Nathan Gill: How WhatsApp messages revealed ex-Reform politician’s pro-Russian bribes

Voloshyn said his phone was examined when stopped by FBI investigators at Washington DC’s Dulles Airport in July 2021.
That month, the Speaker of the House of Commons warned MPs against talking to Voloshyn and Niedźwiecki as both allegedly had sought the support of UK politicians to “promote Russian foreign policy objectives”.
The US government sanctioned Voloshyn in 2022 and called him a “pawn” of the FSB, Russia’s security service, and accused him of undermining Ukraine’s government.
That same year, the UK government also sanctioned Voloshyn and Medvedchuk, accusing both of “destabilising Ukraine”.
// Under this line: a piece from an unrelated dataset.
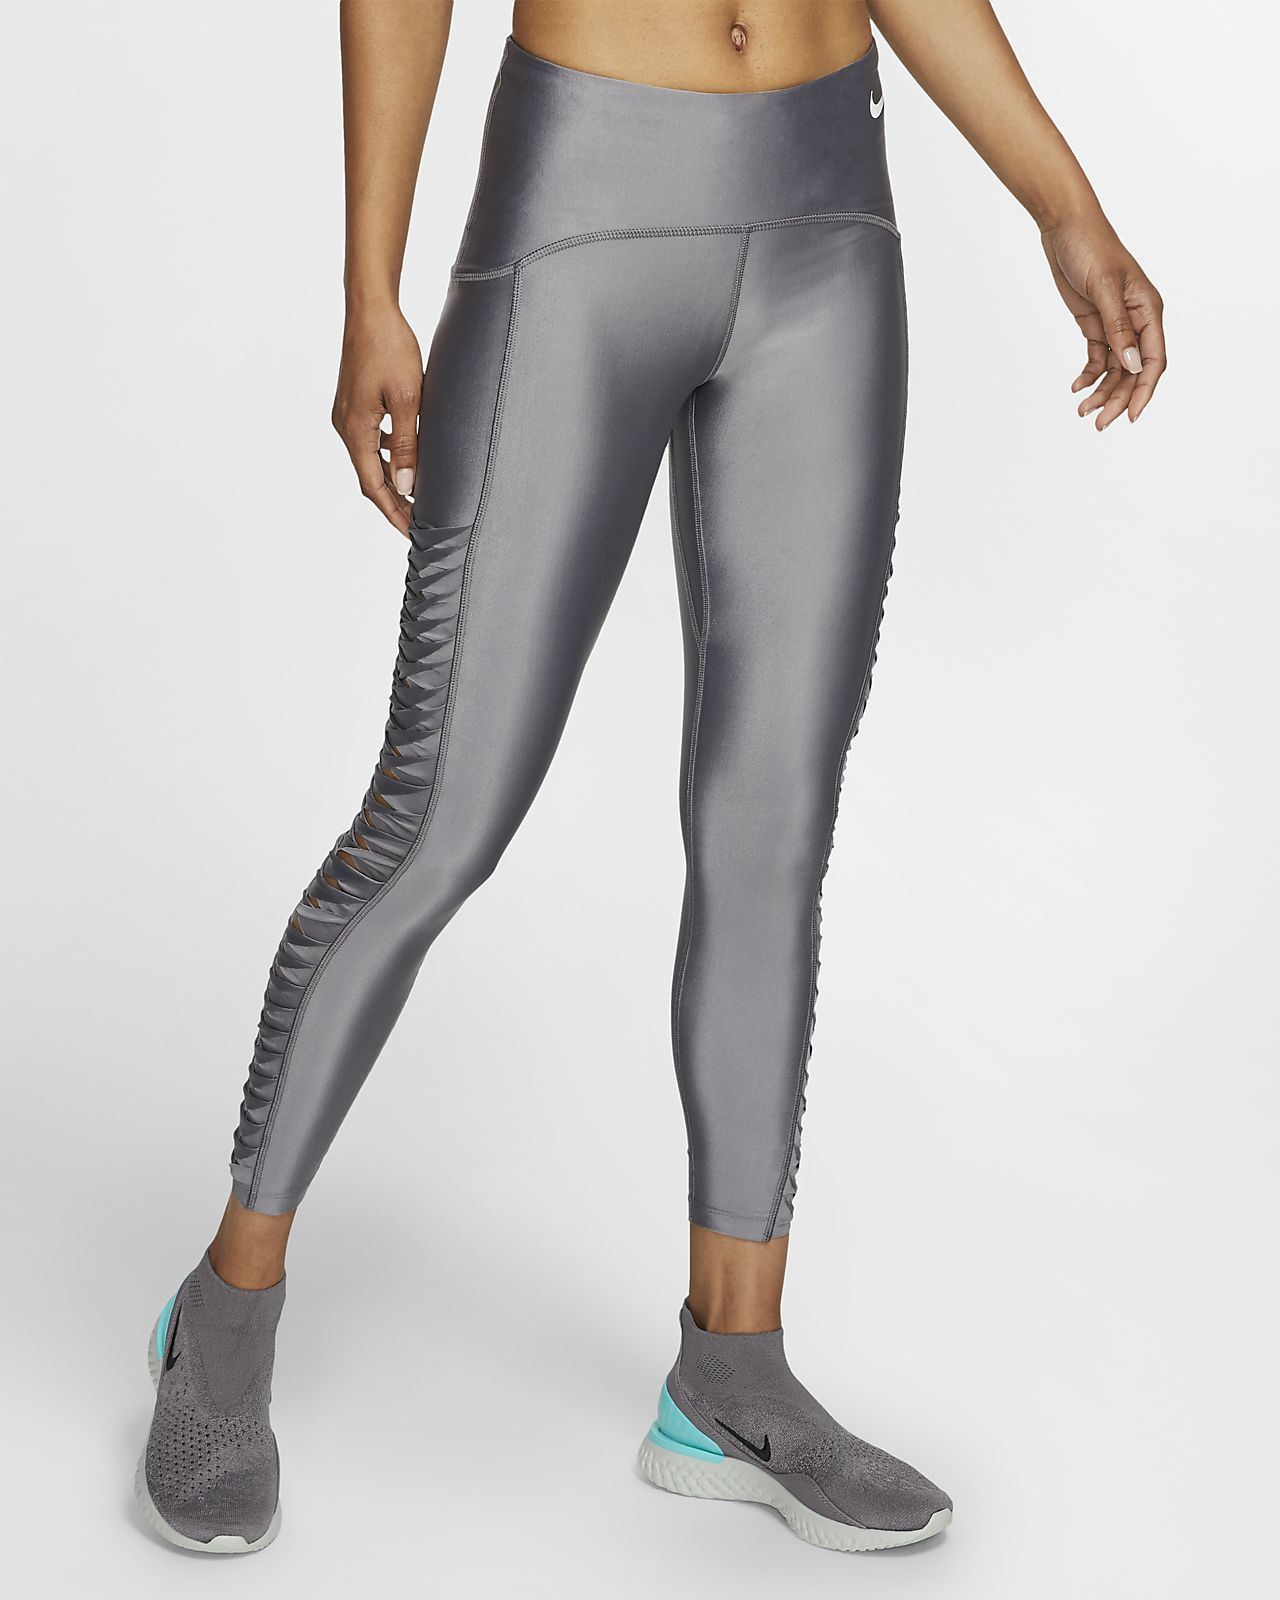 Nike Speed Mallas de running de 7/8 - Mujer

Anton Shekhovstov, an academic expert in Russian influencing campaigns, told the BBC that Voloshyn and his wife were active in building European networks for Medvedchuk.
He said the strategy of getting MEPs to defend the pro-Russian TV channels was effective and the investment in Gill “returned with profit”.
Shekhovstov said when Gill was asked to speak up for them in 2018, they’d become “instruments of Russian or pro-Russian propaganda”.
“President Petro Poroshenko at that time did not dare to sanction the channels,” said Shekhovstov.
The channels were shut in 2021 under the presidency of Ukraine’s current leader Volodomyr Zelensky.